DIRECTIONS
Nothing but an exact repeat of the data, with pictures removed, belongs in the answer.

RECORDED INFORMATION
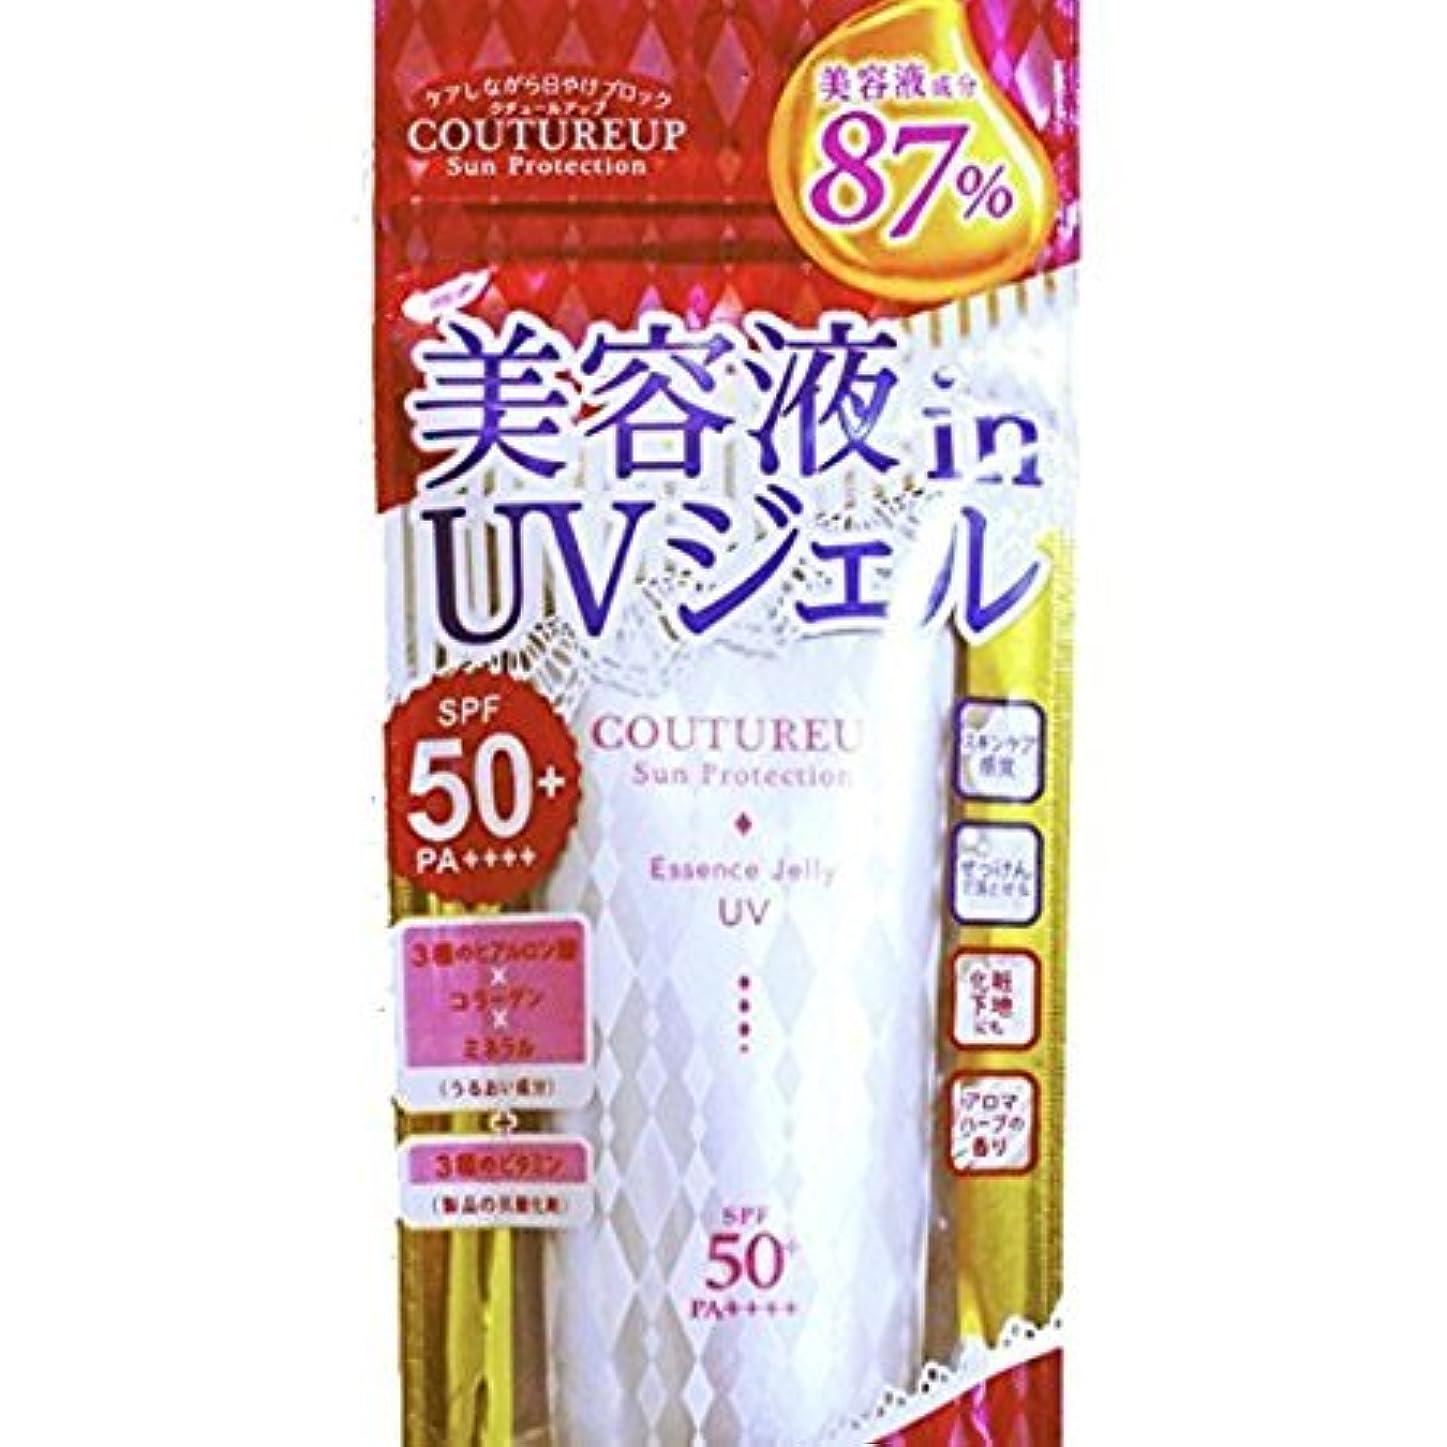 事故認証実現可能性美容液 in UVジェル SPF50+/PA++++ 65g 美容液成分87% 日焼け止め&化粧下地
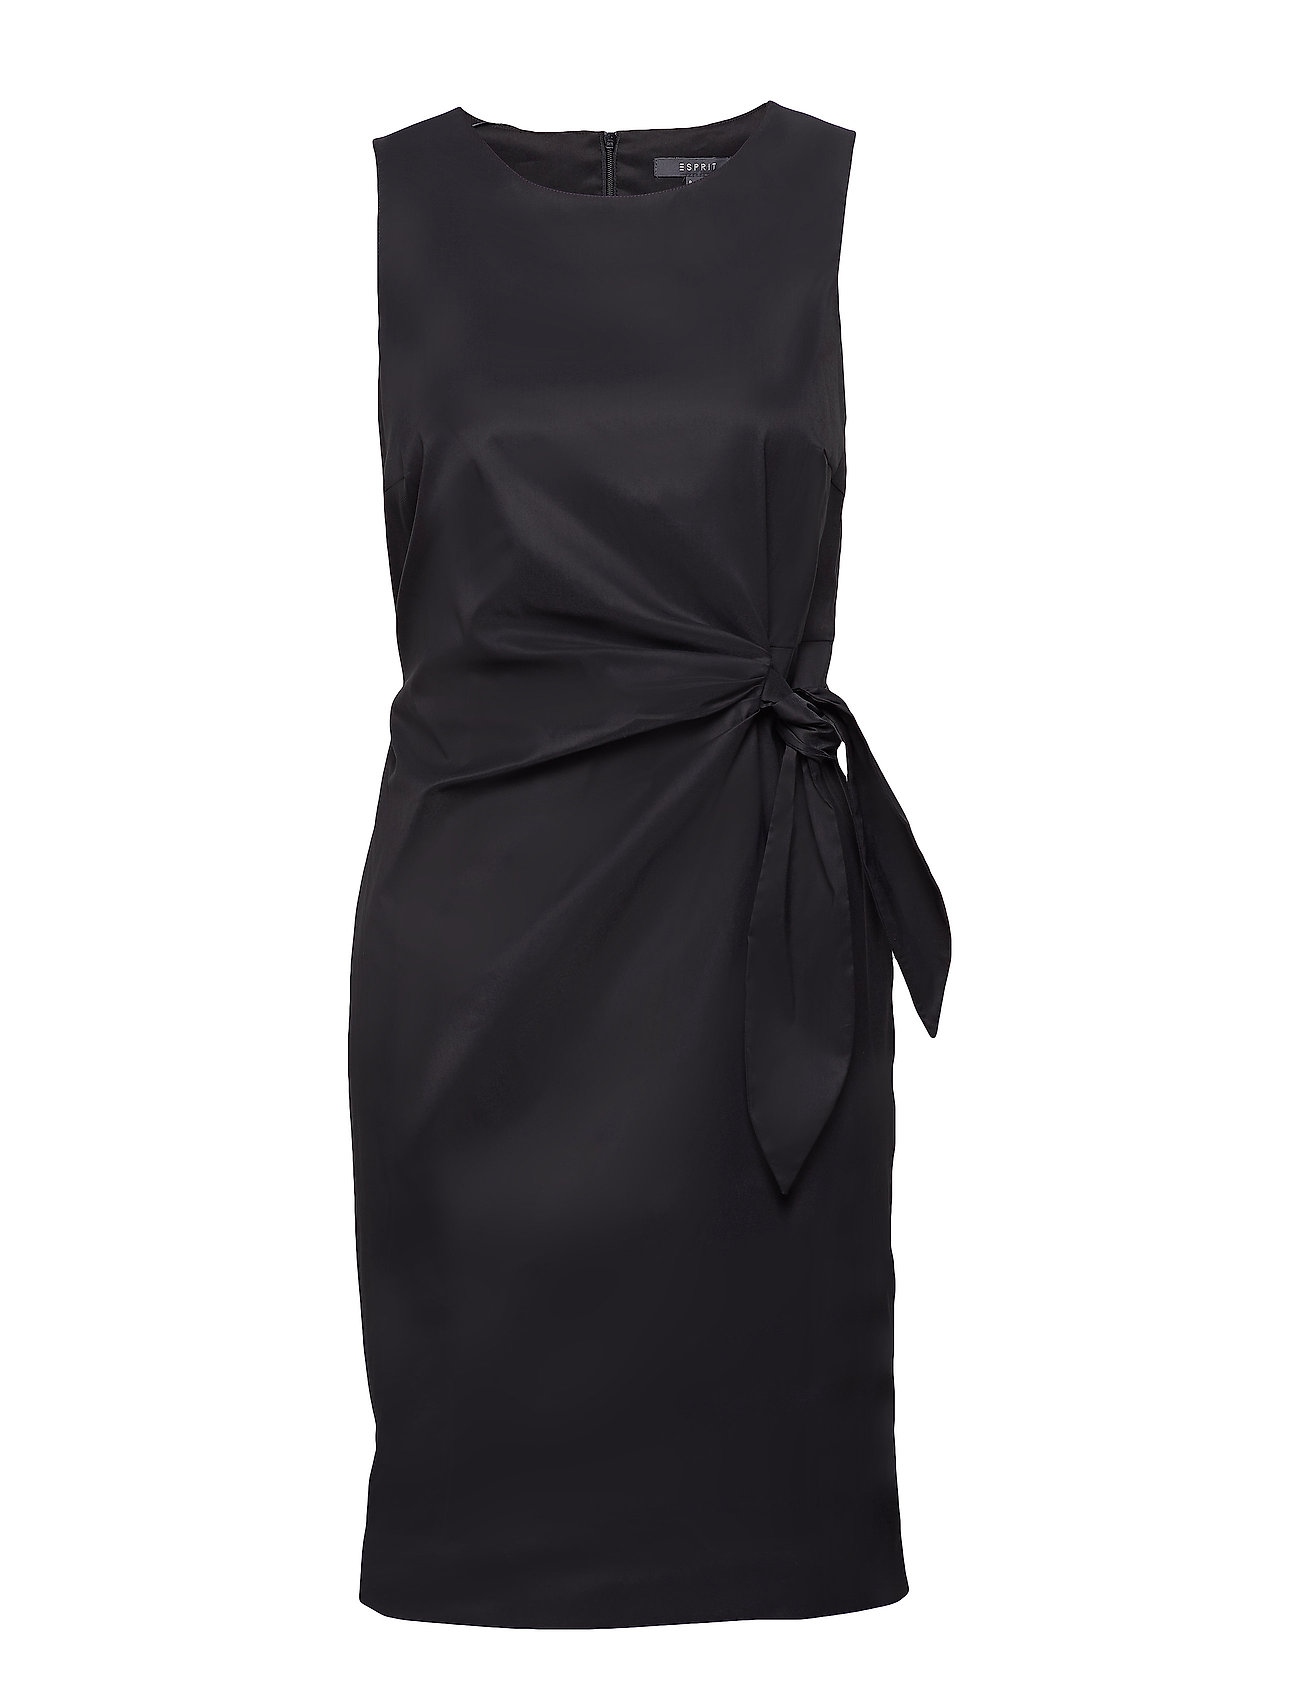 Collection Dresses Light Light Light Collection Dresses WovenblackEsprit WovenblackEsprit Dresses WovenblackEsprit CtdxsBrhQ
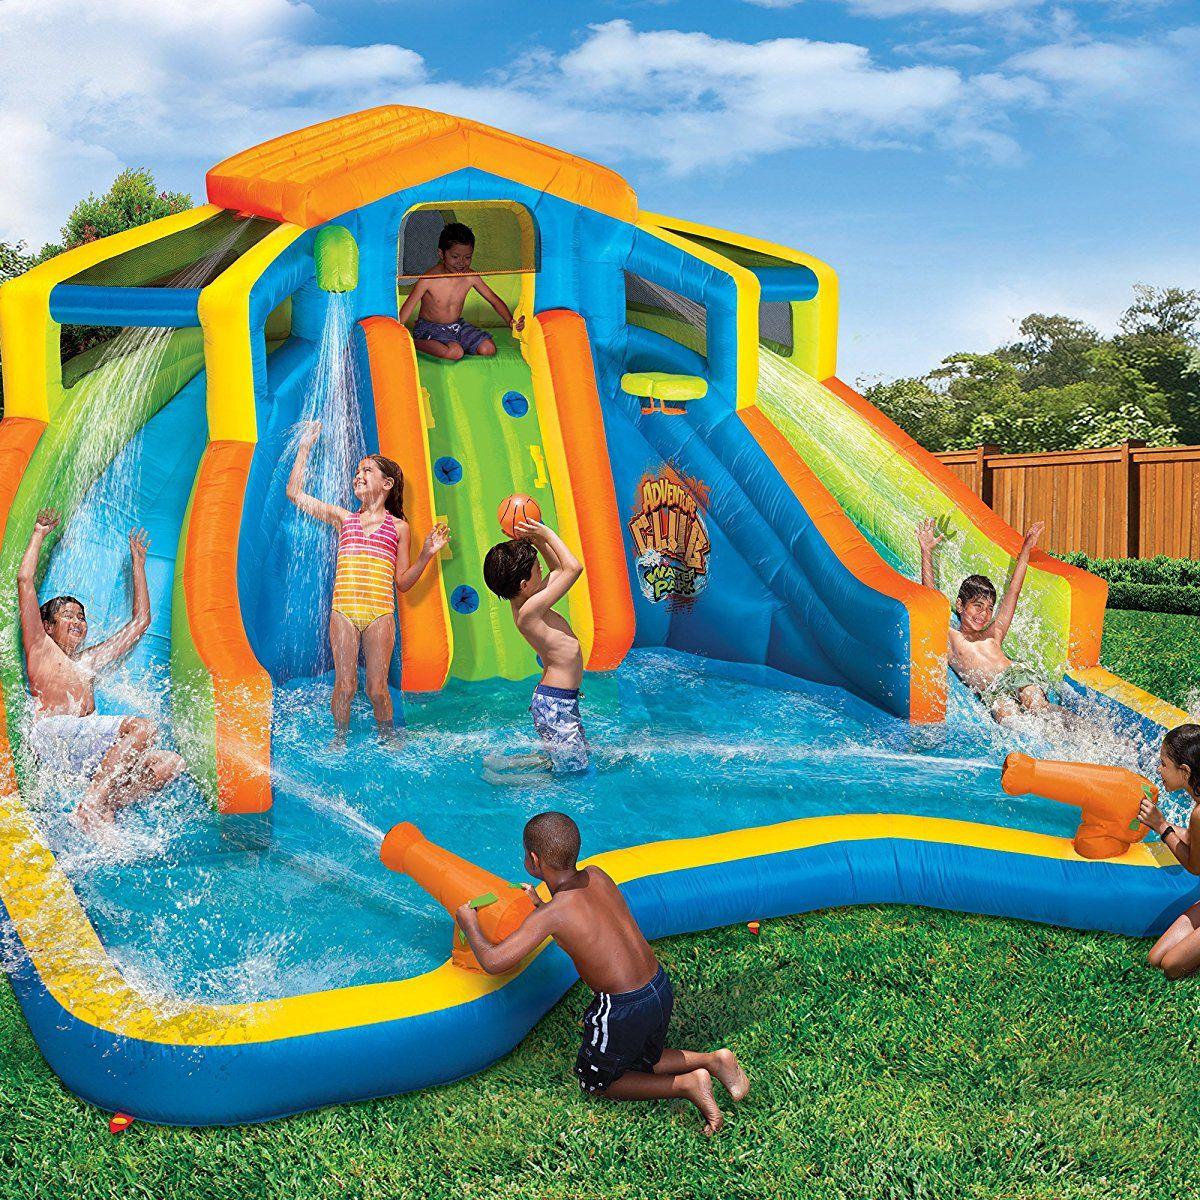 Banzai Inflatable Adventure Club Dual Slide And Pool Backyard

TASK ANSWER
 事故認証実現可能性美容液 in UVジェル SPF50+/PA++++ 65g 美容液成分87% 日焼け止め&化粧下地
 Collection Dresses Light Light Light Collection Dresses WovenblackEsprit WovenblackEsprit Dresses WovenblackEsprit CtdxsBrhQ
 Banzai Inflatable Adventure Club Dual Slide And Pool Backyard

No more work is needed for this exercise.